We offer a NetEye monitoring solution for Exchange, which uses 3 different open source components:
- Telegraf to collect performance data on server Exchange
- InfluxDB to memorize those data and create historical series
- Grafana to create a Dashboard that shows the significat results
Telegraf is a lightweight agent that you can install on your Exchange server. You can set the regularity of data collection (we suggest 5 seconds) and Telegraf send the by network to a remote InfluxDB database. The agent keeps also a local buffer, so that you don’t lose data in case of temporary networking problems
InfluxDB is a database that creates historical series and allows a quick access to data during analysis.
Grafana creates interactive Dashboards that show the significant monitoring data on several dashborads, associated to different time.
Both InfluxDB and Grafana are standard components for NetEye v 3.9
What to monitor for performance control
You need to keep under control several features to perform a good monitoring:
First check Email queue as spam emails flow, unusual user frequency activity (i.e. Christmas wish) or internet connectivity can condition the performance.
Then you can check the latency on the access to Active Directory, since unsolved problems may create serious damages to Exchange server.
We also suggest to check user data for ActiveSync (smartphones connections to Exchange server), Outlook Web Access (access through web) and RPC (Outlook).
As far as OWA, Exchange 2016 has some problems in generating those data because usually they aren’t available and reliable. You can use .NET and ASP as an alternative analysis tools.
For what concerns database, we suggest to monitor the generation frequency of log files on DISK so that you can find easily anomalies and the number of sessions. Please remind that Exchange uses a lot of Cache, so a low Hit Count can show a lack on server’s memory and can cause slow down.
Last but not least, the disk access where the Databases are stored: in case of excessive latency, there will be an overall performance issue.
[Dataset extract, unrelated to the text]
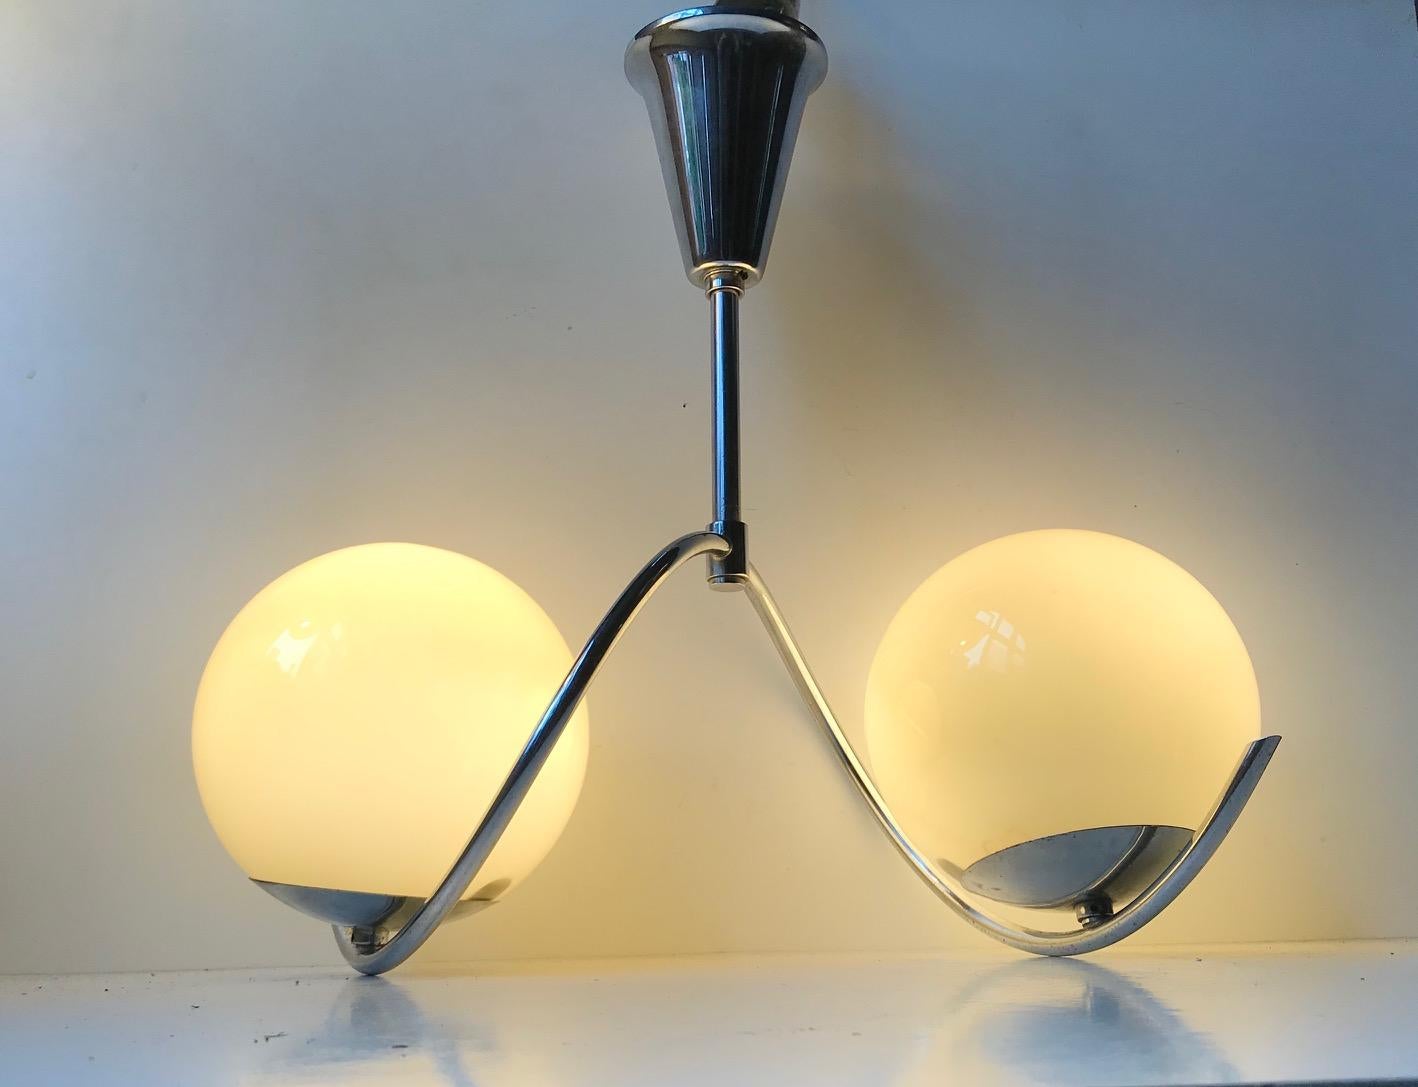 Blown Glass Art Deco, Bauhaus Chandelier with Two Globes by Voss, Denmark, 1930s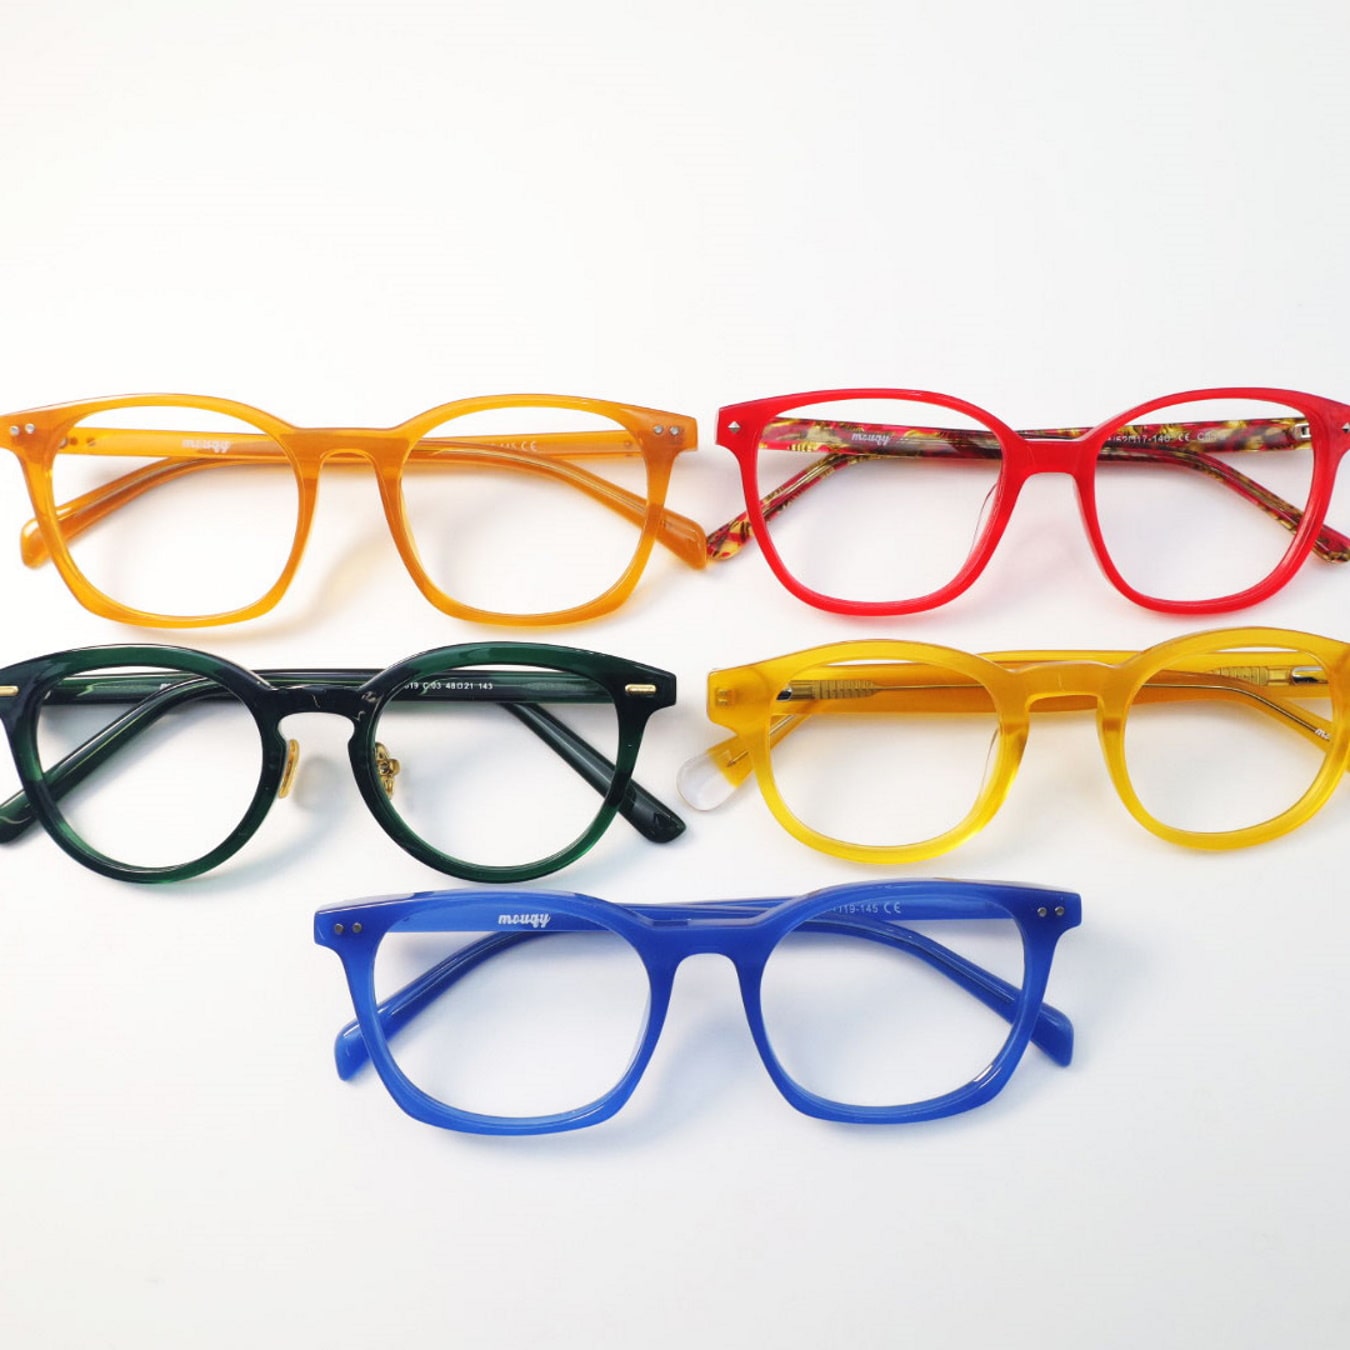 5 pairs of glasses frames in color orange red green yellow blue

Grafana shows these results on one unique Dashboard where you can immediately see the anomalies happened during the selected period of time. The dashboards are synchronized to show an accurate overview of critical moments.
For example, here below you can see a general overview:
Now we can take a closer look on emails queue which, in the example below, presents an ordinary trend:
Or we can take a look LDAP for Active Directory. Here below you can see that sometimes the responses were slower, but still not incisive on the overall performance:
ActiveSync dashboard shows a correct work during the analyzed period:
RPS (Outlook) server too has a correct response for connections:
In the example below, the 3 email database have a normal log generation frequency:
Cache in Exchange memory is properly used, this means that there is no problem for RAM shortage:
The database Latency show instead some slowdown, but only for a couple of time. At the there are no stalls, but the values must be monitored.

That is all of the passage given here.